Genome wide profiling identifies differences methylation status among breast cancer subtypes. a Average genome wide methylation plot of CpG islands and flanking regions, i.e., CpGI shores. -500, 500 in x-axis represents ±500bp from each end of CpGI, and 0, 50, 100% represents relative range within CpGI. b Heatmap demonstrates average methylation levels of each CpG island and CpGI shore within tumor subtypes. c Statistical significance of differential methylation at CpG islands and CpG island shore regions tested by ANOVA and adjusted by Bonferroni correction. Y-axis represents -log10 based adjust P-value. d Bar plot and line plot represent average methylation level of adjacent area between CpGI and CpGI shore region from a normal-like TCGA breast cancer sample, a invasive ductal carcinoma with negative margins for malignancy, measured by WGBS and from a normal sample obtained from [14] study measured by MBDcap sequencing respectively. Left and right side of y-axis shows methylation level measured by WGBS and MBDcap sequencing respectively

In order to further validate the observed methylation patterns, we utilized two normal data set; TCGA normal breast data measured by WGBS and normal data from genome wide methylome analysis study [14] measured by MBDcap sequencing. Genome wide methylation level were estimated through same analysis procedure (see “Methods”) and estimated average methylation in CpGI and CpGI shore regions. From methylation result based on both normal data, we observed same pattern and found steep peaks as well in adjacent region between CpGI and CpGI shore (Fig. 3 d).
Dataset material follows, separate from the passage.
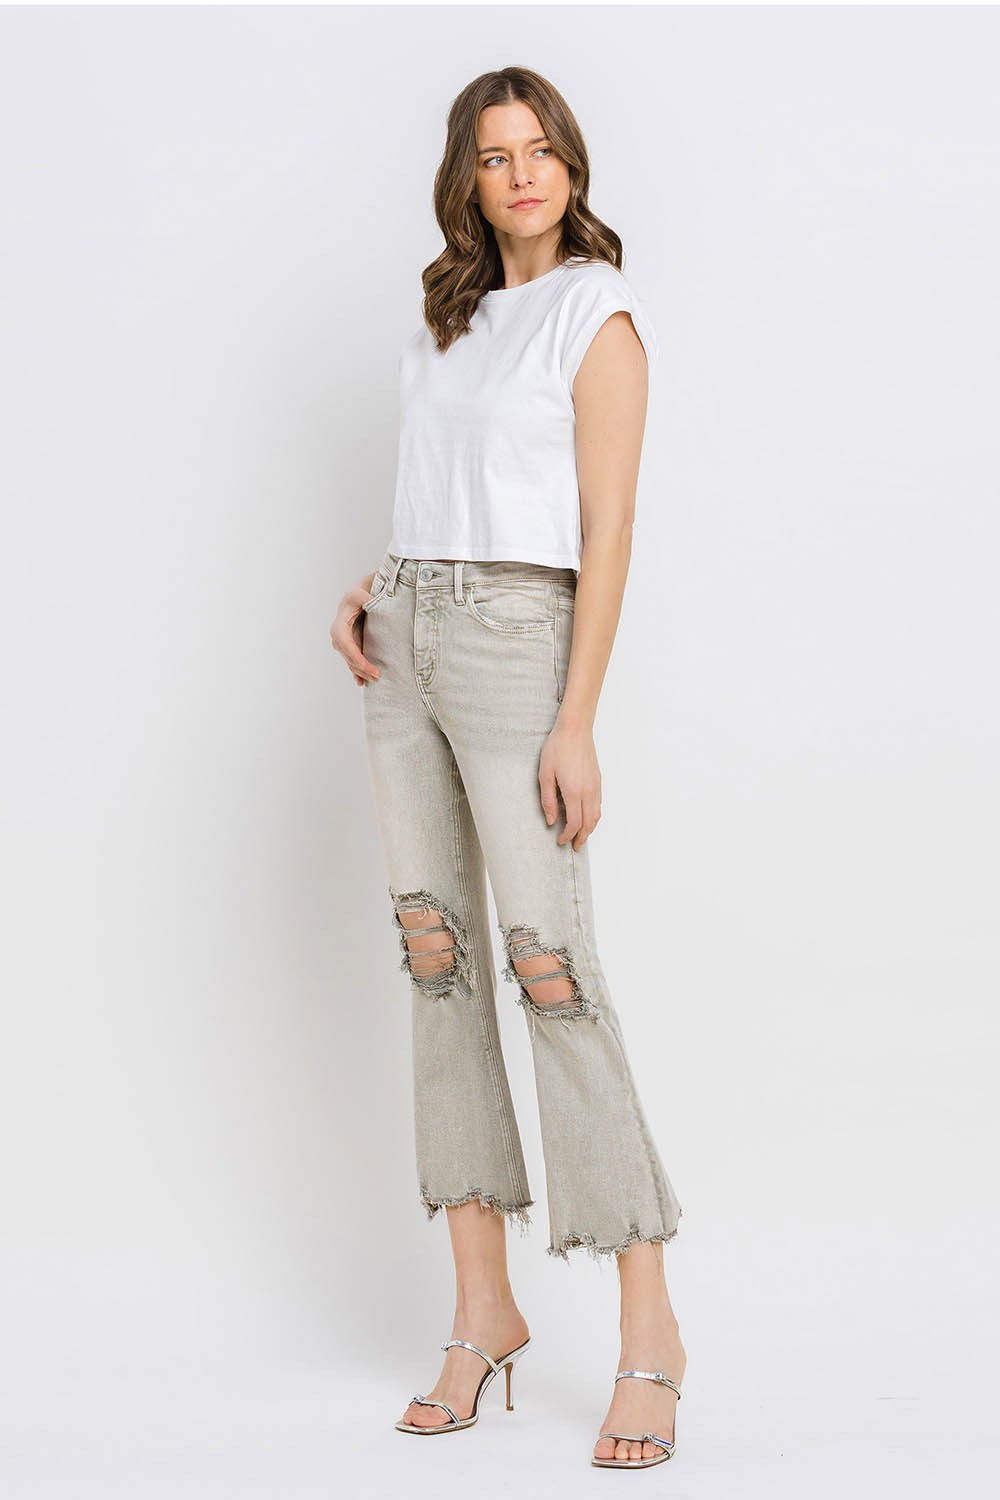 These distressed raw hem cropped flare jeans offer a perfect blend of edgy and retro style. The distressed detailing adds a touch of urban flair to the flared silhouette. The raw hem finishes off the look with a trendy, unfinished edge. Pair these jeans with a tucked-in graphic tee and platform sandals for a vintage-inspired outfit.  24-32

To investigate whether the differences in methylation patterns in CpGI and adjacent region CpGI shore potentially involved in gene regulation, we focused on promoter CpGI shore with transcription factor binding site (TFBS). Estimated TFBS specific methylation status (see “Methods”) in the promoter CpGI shore was compared with downstream gene expression, and the TF binding to these TFBS regions was also measured to determine whether a TF influences gene regulation. That is, we investigated whether the differentially methylated TFBS in promoter CpGI shore regions among breast cancer subtypes potentially give influence to expression of downstream genes that TF regulate.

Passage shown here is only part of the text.